New aerodynamic concept

I recall seeing variants on this theme in Popular Mechanics back in the 60's. Looks like someone finally built one. Shrug. It's also fundamentally the same technology as the old Hughes NOTAR system which has been flying since 1981.

IIRC it has two drawbacks: First, all those fans are not very efficient. Second, as the lift mechanism has no ability to either glide or autorotate an engine failure would have rather permenant consequences. A manned version would need zero-altitude ejection seats.
 
...Second, as the lift mechanism has no ability to either glide or autorotate an engine failure would have rather permenant consequences.
That's what I thought too, but they claim to have the ability to detach the engines from the fans, and then glide, albeit with a terrible glide ratio:
http://www.fanwing.com/faq.htm#6
-harry
 
Seen that before. Me thinks that a bird strike that jammed the rotational mechanism would be very very bad.
 
I know that UAV is quite the buzz word these days but when does a R/C aircraft become a UAV?
 
I know that UAV is quite the buzz word these days but when does a R/C aircraft become a UAV?

probably when a government is paying the bill.

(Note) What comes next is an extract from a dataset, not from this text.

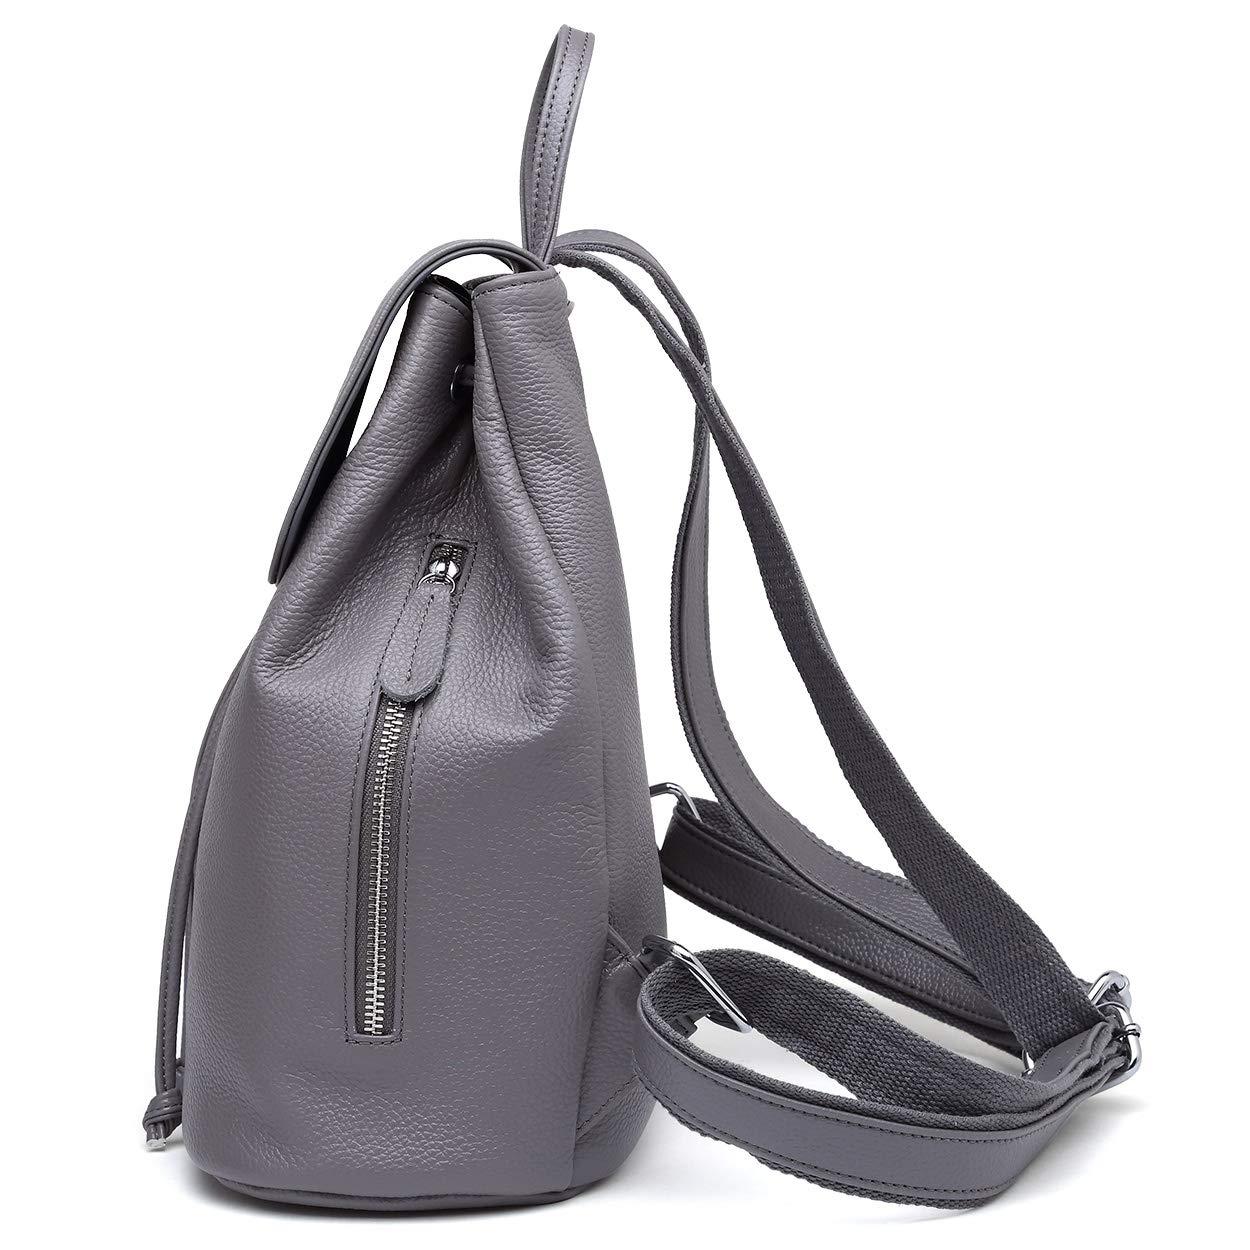 Dam äkta läder ryggsäck elegant ryggsäck söt skola axelväska kvinnor resväska Grå

cripes theres some scale R/C stuff out there that is practically big enough to carry a person!
 
I know that UAV is quite the buzz word these days but when does a R/C aircraft become a UAV?
Basically when it gets an autopilot so that an operator doesn't have to concentrate on keeping wings level, holding heading, etc. Ideally, a UAV shouldn't need any operator attention from takeoff through landing.